If you choose the latter option, which is almost certainly the more realistic one, you quickly discover that blame for the robot’s decisions swiftly falls on the admin, and though you can choose to be permissive or strict, there’s no position which is free of abuse. Imagine telling the robot to stop serving whiskey to your drunk uncle at Thanksgiving. Imagine one of your kids telling the robot to take your other kid’s homework and throw it in the trash. Imagine domestic arguments you’ve had with loved ones or roommates, and imagine if, the whole time, there was a robot in the corner desperately trying to figure out whose instructions it should follow first, like a child of impending divorce vacillating between mommy and daddy.

The former option is less plausible, but so much more fascinating. It’s the kind of problem I would love to work on professionally, just for the philosophical implications. You’d be giving a machine a measure of co-equality, the duty to judge and make decisions based on the Good of a shifting group of human beings.

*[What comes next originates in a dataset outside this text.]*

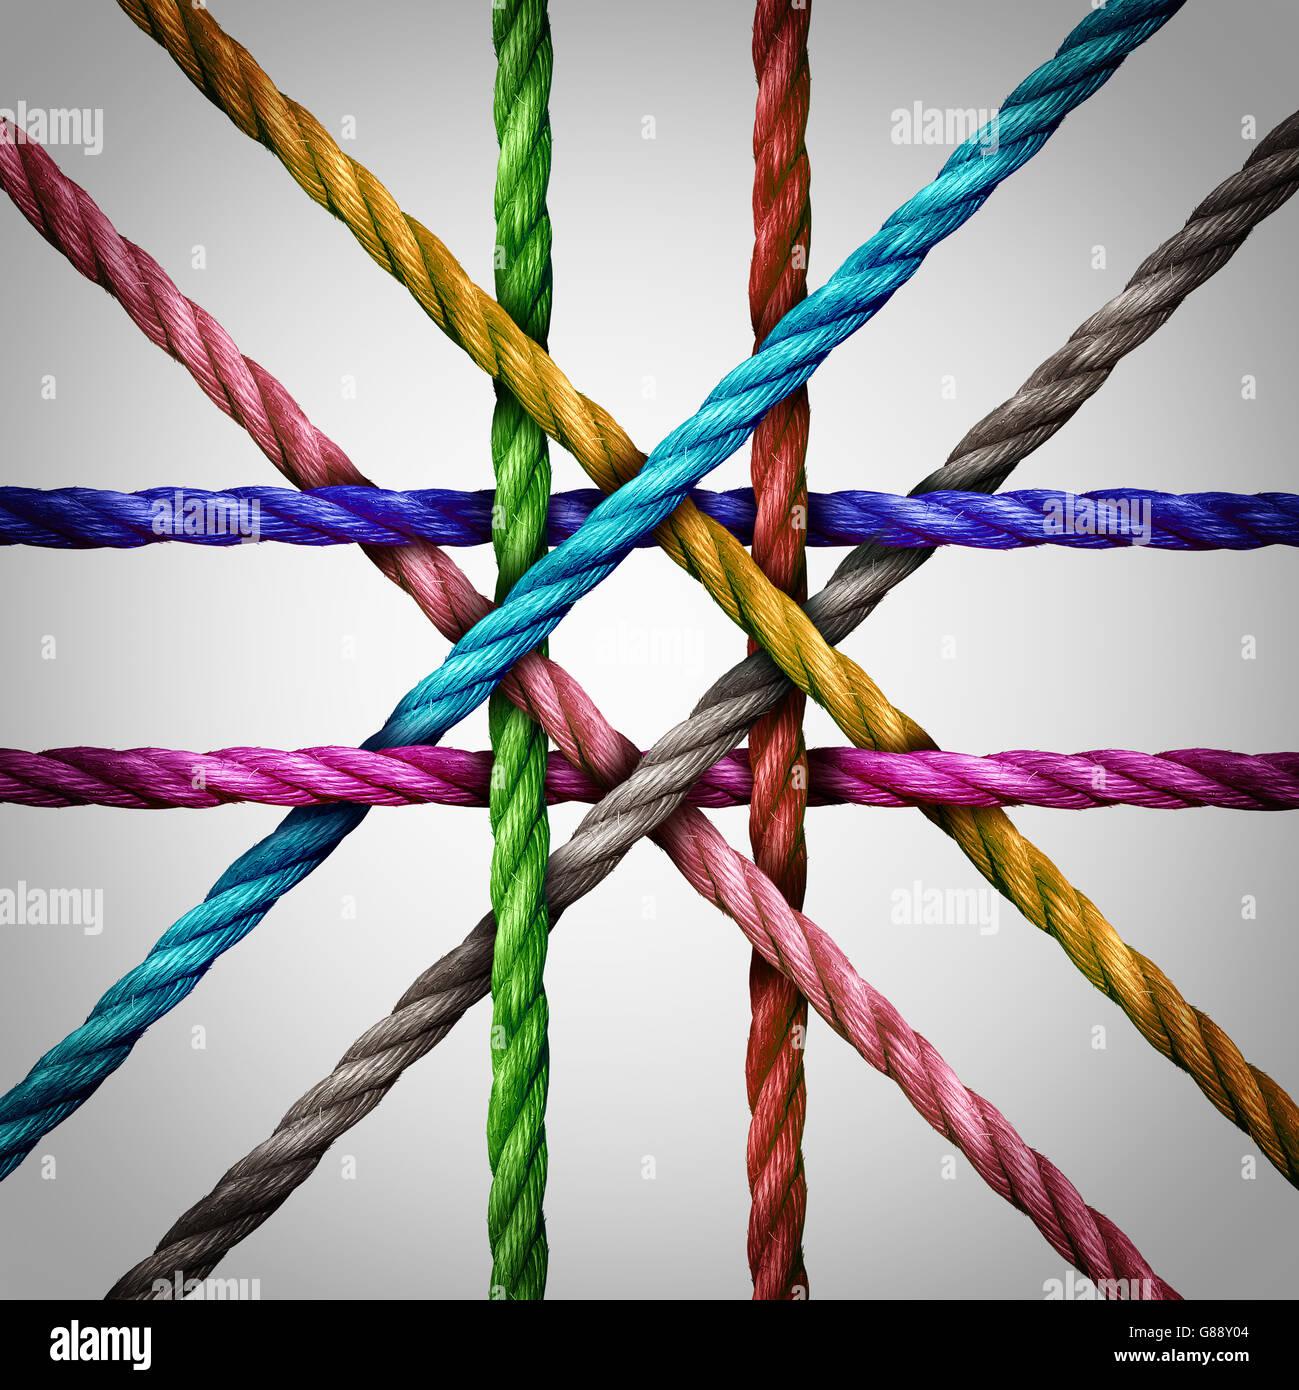 Conecta redes centralizadas y conexión de red central el concepto empresarial como un grupo diverso de cuerdas Imagen De Stock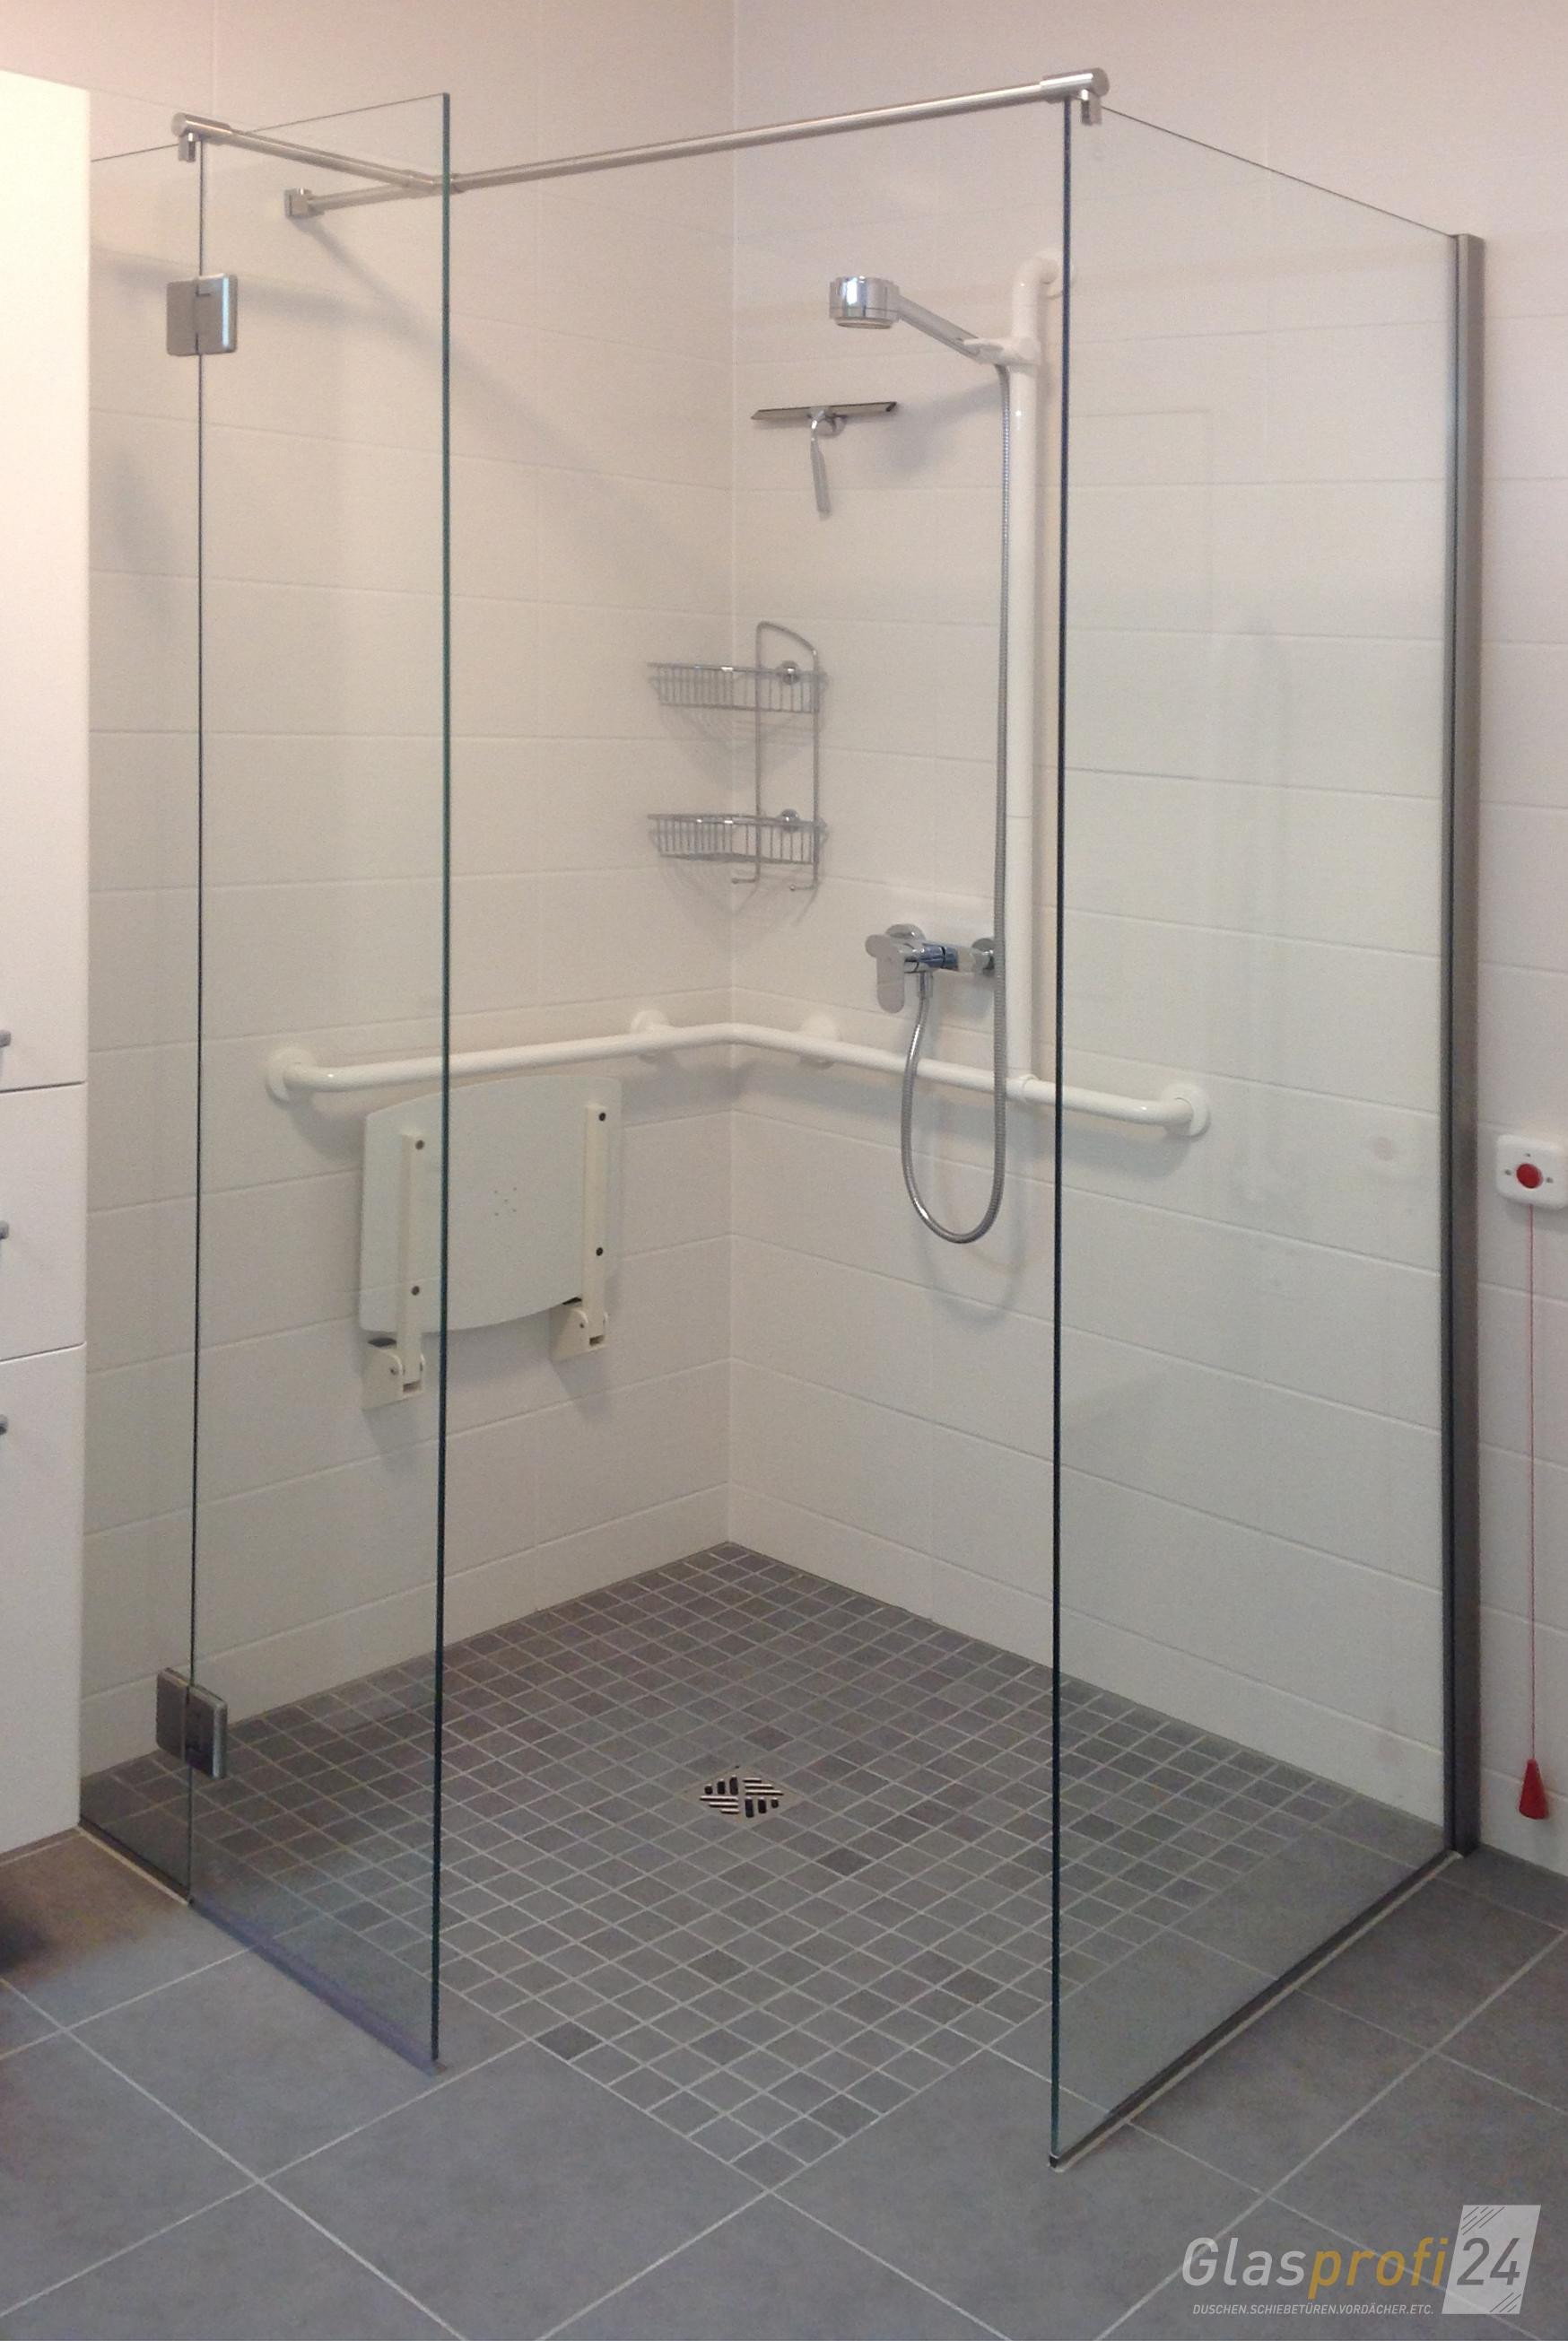 Ebenerdige Dusche  Ebenerdige Dusche bauen aus Glas

I wonder what Andrew thinks about Aristotle?

In either case, the problem of operating a domestic robot is irreducible from the problem of getting along with other humans, and you, dear reader, know exactly how difficult that can be.

There’s another part of this I should address before we move on. You may be objecting to my assumption that ‘modeling and acting on a person’s needs and desires’ is some kind of really hard problem. After all, anticipating your desires is what data-driven algorithms already do in entertainment, and it won’t be long until digital helpers, like the Alexa, track and maintain quotidian needs and your fridge can place an order to refill itself when it runs out of stuff. This is a non-issue!

For the sake of argument, let’s bulldoze right over the colossal distinction between ‘predict which 20-second video will keep you doomscrolling’ or ‘knows to order another carton of milk’ vs caring for your needs in real life, and just assume it can do that anyway.

That alone is not sufficient. It’s not enough to just anticipate and address your needs and desires, it also needs to do so in a way that is human-legible. That’s academic-speak for that robot had damn well better be able to explain itself.

As it stands, machine interpretability is a big problem in generative AI. Short version, we built it, but we don’t know how it went from a given input to a given output, and we don’t have the ability to trace and interrogate any single decision it makes. No, Aaron, not even in principle. Now, there have been recent breakthroughs in this field, such as Anthropic’s ability to explicate a given Claude node (cf Golden Gate Claude), but that’s still a long ways from being able to accurately explain why it made a complex decision in a way that will persuade a human being that the decision was both benign and correct.

These are not problems we can solve readily in robots for the simple reason that we’ve been trying to solve them in humans since the Holocene. We do not have an objective and thorough account of our own needs or the reasoning for our own decisions (cf Elephant in the Brain and the entire field of psychology). Caring for the needs of Others, Others whom we know intimately and love, is still not easy for us! We’re not solving this in the next decade, but I positively live for the day a paying customer sues a robotics company because a robot told them ‘No.’

In short, equipping a robot to independently perform simple domestic tasks requires solving the central unsolved problem of machine vision, plus large swathes of psychology and phenomenology, not to mention actually complying with regulation and bringing this technological terror to market, and we have to do it all…

By 2034

Let’s take a peek at the state of the art in robotics for a second.

The humanoid robotics space is fairly diverse, with companies like Aldebaran making friendly, almost toy-like robots designed (nowadays, mainly) for use in healthcare and education, and Hanson working to create robots that look human and can hold a conversation. These are not the kinds of robots we’re interested in. A domestic robot doesn’t have to pass as human (it’s almost certainly better that it doesn’t) and needs to work out of the box, not be a programming platform.

The robotics companies that come to mind in this domain are Boston Dynamics with the Atlas (as well as other models testing capabilities like navigation and fine manipulation), Tesla with the Optimus, and Unitree with the G1.

You’ve almost certainly heard of the first two, but Unitree is more obscure, a Chinese company that released the humanoid G1 only recently. I include it because, while writing this article, the aforementioned friend linked me to it and announced he had won our bet less than a year in. We’ll see how that holds up.

In terms of hardware, these three robots are converging on broadly similar approaches. These are all humanoid frames of the kind we’ve described earlier, which navigate their environment first and foremost by vision. The Atlas and G1 both feature a combination of depth-perceiving cameras and lasers for rangefinding. The Optimus, like Tesla’s cars, uses exclusively depth-cameras with no LiDAR or other form of visual mapping. I’m not clear on why, but it seems to be company dogma.

In terms of mobility, the Atlas is by far the most advanced, with the ability to run and jump, while the Optimus and G1 are more inclined to toddle around. However, this is not a huge advantage for Atlas in the domestic domain, since domestic robots will not often need to backflip.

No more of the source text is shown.